◆ Exercise aim: From the listing below, set down exactly the lines between the one holding "Bilde av filmstripe" and the one holding "Bertucci Field Watch on Sale", inclusive. No other line is wanted.

◆ Record extracts:
--------------------------------
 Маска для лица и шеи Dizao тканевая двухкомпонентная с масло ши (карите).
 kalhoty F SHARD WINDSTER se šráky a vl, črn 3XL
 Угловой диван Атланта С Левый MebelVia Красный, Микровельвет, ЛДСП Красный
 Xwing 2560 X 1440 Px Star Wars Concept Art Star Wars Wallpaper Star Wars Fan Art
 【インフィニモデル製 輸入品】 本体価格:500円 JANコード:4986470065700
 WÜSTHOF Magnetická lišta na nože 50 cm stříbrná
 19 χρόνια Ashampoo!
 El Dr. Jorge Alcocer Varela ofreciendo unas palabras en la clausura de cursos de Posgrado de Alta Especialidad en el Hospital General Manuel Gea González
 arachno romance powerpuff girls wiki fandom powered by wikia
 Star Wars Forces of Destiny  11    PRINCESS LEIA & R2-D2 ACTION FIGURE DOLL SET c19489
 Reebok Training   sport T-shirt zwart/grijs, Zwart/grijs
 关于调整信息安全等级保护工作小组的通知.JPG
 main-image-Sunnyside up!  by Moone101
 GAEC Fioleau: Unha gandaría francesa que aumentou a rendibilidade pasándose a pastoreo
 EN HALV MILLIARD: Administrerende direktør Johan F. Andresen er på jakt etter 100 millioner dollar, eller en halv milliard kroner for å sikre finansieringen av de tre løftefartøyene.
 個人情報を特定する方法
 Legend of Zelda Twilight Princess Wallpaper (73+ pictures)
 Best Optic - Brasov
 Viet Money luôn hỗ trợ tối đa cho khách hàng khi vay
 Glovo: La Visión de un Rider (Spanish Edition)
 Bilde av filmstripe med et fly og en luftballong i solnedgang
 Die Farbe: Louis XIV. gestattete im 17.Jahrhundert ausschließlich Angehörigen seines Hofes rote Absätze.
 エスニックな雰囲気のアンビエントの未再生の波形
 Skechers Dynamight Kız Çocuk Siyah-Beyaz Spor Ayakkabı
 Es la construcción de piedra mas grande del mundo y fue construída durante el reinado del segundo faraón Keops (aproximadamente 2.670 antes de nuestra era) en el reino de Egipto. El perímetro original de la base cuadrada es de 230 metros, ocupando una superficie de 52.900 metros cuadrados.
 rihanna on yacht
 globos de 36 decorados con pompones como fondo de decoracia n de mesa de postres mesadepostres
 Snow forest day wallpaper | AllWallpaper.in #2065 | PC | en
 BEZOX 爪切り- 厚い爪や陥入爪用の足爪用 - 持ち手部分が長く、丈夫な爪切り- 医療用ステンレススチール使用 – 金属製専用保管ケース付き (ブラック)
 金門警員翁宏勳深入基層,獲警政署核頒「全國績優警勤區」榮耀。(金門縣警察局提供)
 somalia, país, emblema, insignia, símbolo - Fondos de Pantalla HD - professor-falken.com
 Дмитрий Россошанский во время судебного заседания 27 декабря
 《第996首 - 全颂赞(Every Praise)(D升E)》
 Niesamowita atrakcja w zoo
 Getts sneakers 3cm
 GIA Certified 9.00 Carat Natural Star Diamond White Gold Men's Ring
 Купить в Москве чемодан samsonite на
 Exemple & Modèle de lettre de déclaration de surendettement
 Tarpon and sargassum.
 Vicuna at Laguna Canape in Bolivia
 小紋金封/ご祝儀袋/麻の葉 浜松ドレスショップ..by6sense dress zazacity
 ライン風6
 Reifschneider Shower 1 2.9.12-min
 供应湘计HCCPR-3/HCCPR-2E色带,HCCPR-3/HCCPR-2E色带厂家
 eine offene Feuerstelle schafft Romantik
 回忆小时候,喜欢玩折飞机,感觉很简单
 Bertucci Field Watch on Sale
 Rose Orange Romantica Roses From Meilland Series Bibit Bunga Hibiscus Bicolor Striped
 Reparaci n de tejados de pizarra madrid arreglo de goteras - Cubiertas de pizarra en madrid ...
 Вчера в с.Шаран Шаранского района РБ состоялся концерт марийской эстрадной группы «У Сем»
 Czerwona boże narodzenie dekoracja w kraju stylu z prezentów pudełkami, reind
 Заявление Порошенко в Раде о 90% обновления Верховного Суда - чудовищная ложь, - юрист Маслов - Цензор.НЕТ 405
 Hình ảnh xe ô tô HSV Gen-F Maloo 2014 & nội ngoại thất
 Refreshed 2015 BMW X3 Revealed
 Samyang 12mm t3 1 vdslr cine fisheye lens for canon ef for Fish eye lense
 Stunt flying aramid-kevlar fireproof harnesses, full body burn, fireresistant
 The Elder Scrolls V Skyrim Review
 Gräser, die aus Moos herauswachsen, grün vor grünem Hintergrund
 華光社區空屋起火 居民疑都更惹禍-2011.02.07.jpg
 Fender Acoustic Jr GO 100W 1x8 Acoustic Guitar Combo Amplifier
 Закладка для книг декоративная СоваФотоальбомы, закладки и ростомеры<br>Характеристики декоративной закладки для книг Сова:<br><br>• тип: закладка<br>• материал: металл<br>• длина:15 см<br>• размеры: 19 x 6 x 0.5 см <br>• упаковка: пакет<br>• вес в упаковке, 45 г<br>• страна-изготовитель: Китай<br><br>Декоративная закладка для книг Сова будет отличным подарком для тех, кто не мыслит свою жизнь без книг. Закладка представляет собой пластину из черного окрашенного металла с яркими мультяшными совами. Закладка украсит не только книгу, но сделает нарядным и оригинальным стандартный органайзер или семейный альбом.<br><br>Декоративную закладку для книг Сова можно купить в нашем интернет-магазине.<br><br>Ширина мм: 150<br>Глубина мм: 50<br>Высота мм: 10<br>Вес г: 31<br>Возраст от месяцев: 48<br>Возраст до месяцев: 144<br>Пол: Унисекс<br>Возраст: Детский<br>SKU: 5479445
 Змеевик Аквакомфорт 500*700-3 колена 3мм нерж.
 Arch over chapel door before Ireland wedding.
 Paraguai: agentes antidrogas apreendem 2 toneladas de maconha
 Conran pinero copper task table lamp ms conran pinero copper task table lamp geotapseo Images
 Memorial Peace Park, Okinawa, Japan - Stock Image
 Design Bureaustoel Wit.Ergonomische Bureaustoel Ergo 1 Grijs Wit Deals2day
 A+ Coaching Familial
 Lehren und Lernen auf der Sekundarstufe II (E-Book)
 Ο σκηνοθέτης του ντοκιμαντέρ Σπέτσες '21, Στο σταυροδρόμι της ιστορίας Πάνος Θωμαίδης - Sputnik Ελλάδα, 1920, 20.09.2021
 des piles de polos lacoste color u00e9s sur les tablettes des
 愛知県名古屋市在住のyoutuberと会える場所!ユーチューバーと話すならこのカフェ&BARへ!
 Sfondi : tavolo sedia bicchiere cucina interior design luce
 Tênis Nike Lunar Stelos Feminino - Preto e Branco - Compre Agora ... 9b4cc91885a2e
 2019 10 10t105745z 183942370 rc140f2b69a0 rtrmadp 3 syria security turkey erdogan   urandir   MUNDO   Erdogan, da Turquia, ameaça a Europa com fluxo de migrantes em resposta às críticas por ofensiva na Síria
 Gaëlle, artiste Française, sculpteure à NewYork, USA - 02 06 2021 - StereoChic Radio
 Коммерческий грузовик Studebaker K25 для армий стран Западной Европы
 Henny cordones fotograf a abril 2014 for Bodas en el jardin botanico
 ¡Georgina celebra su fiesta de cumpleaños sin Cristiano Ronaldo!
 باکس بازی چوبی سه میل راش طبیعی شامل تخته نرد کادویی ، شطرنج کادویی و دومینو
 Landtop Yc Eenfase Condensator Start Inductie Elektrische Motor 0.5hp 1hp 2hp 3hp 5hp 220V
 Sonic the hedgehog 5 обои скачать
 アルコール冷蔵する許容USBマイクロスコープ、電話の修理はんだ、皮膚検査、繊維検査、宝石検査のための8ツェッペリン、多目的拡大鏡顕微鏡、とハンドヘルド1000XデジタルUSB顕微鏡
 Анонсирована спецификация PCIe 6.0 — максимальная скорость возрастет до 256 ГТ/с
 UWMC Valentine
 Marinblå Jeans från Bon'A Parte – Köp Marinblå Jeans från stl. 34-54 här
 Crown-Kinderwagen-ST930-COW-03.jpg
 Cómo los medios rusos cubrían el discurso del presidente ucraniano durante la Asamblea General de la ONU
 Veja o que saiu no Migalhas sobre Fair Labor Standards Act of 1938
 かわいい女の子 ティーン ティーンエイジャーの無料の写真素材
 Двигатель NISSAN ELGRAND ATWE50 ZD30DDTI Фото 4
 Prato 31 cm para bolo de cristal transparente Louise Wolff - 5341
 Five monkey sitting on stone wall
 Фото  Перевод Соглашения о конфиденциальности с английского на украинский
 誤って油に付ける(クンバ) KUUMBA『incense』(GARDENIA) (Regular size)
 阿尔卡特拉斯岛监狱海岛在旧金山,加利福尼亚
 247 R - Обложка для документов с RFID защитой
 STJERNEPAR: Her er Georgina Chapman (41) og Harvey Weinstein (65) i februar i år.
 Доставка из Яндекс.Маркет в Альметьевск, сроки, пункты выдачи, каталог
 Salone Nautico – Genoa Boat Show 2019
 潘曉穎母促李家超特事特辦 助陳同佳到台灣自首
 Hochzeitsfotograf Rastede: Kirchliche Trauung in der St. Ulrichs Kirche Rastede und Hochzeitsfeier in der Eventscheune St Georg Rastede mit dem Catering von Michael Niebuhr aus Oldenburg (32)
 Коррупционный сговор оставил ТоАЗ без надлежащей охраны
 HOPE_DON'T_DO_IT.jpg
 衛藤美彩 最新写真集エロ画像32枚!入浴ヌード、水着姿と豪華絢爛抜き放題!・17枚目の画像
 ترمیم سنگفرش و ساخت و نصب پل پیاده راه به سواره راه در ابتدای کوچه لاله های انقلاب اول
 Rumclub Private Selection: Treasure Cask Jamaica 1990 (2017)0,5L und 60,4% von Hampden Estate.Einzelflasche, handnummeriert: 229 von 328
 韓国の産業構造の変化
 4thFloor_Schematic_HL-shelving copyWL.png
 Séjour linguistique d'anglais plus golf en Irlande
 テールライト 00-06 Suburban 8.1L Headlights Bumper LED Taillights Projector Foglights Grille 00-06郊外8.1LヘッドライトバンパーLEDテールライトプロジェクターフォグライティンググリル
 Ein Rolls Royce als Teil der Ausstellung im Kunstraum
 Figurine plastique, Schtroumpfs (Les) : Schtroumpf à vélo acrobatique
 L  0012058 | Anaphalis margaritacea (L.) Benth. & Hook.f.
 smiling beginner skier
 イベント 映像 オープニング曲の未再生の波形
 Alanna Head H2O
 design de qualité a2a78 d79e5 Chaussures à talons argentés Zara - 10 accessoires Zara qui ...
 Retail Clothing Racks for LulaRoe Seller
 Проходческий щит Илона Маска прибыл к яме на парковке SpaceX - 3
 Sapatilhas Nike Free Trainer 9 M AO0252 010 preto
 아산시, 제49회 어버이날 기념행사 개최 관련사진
--------------------------------
◆ Solution:
 Bilde av filmstripe med et fly og en luftballong i solnedgang
 Die Farbe: Louis XIV. gestattete im 17.Jahrhundert ausschließlich Angehörigen seines Hofes rote Absätze.
 エスニックな雰囲気のアンビエントの未再生の波形
 Skechers Dynamight Kız Çocuk Siyah-Beyaz Spor Ayakkabı
 Es la construcción de piedra mas grande del mundo y fue construída durante el reinado del segundo faraón Keops (aproximadamente 2.670 antes de nuestra era) en el reino de Egipto. El perímetro original de la base cuadrada es de 230 metros, ocupando una superficie de 52.900 metros cuadrados.
 rihanna on yacht
 globos de 36 decorados con pompones como fondo de decoracia n de mesa de postres mesadepostres
 Snow forest day wallpaper | AllWallpaper.in #2065 | PC | en
 BEZOX 爪切り- 厚い爪や陥入爪用の足爪用 - 持ち手部分が長く、丈夫な爪切り- 医療用ステンレススチール使用 – 金属製専用保管ケース付き (ブラック)
 金門警員翁宏勳深入基層,獲警政署核頒「全國績優警勤區」榮耀。(金門縣警察局提供)
 somalia, país, emblema, insignia, símbolo - Fondos de Pantalla HD - professor-falken.com
 Дмитрий Россошанский во время судебного заседания 27 декабря
 《第996首 - 全颂赞(Every Praise)(D升E)》
 Niesamowita atrakcja w zoo
 Getts sneakers 3cm
 GIA Certified 9.00 Carat Natural Star Diamond White Gold Men's Ring
 Купить в Москве чемодан samsonite на
 Exemple & Modèle de lettre de déclaration de surendettement
 Tarpon and sargassum.
 Vicuna at Laguna Canape in Bolivia
 小紋金封/ご祝儀袋/麻の葉 浜松ドレスショップ..by6sense dress zazacity
 ライン風6
 Reifschneider Shower 1 2.9.12-min
 供应湘计HCCPR-3/HCCPR-2E色带,HCCPR-3/HCCPR-2E色带厂家
 eine offene Feuerstelle schafft Romantik
 回忆小时候,喜欢玩折飞机,感觉很简单
 Bertucci Field Watch on Sale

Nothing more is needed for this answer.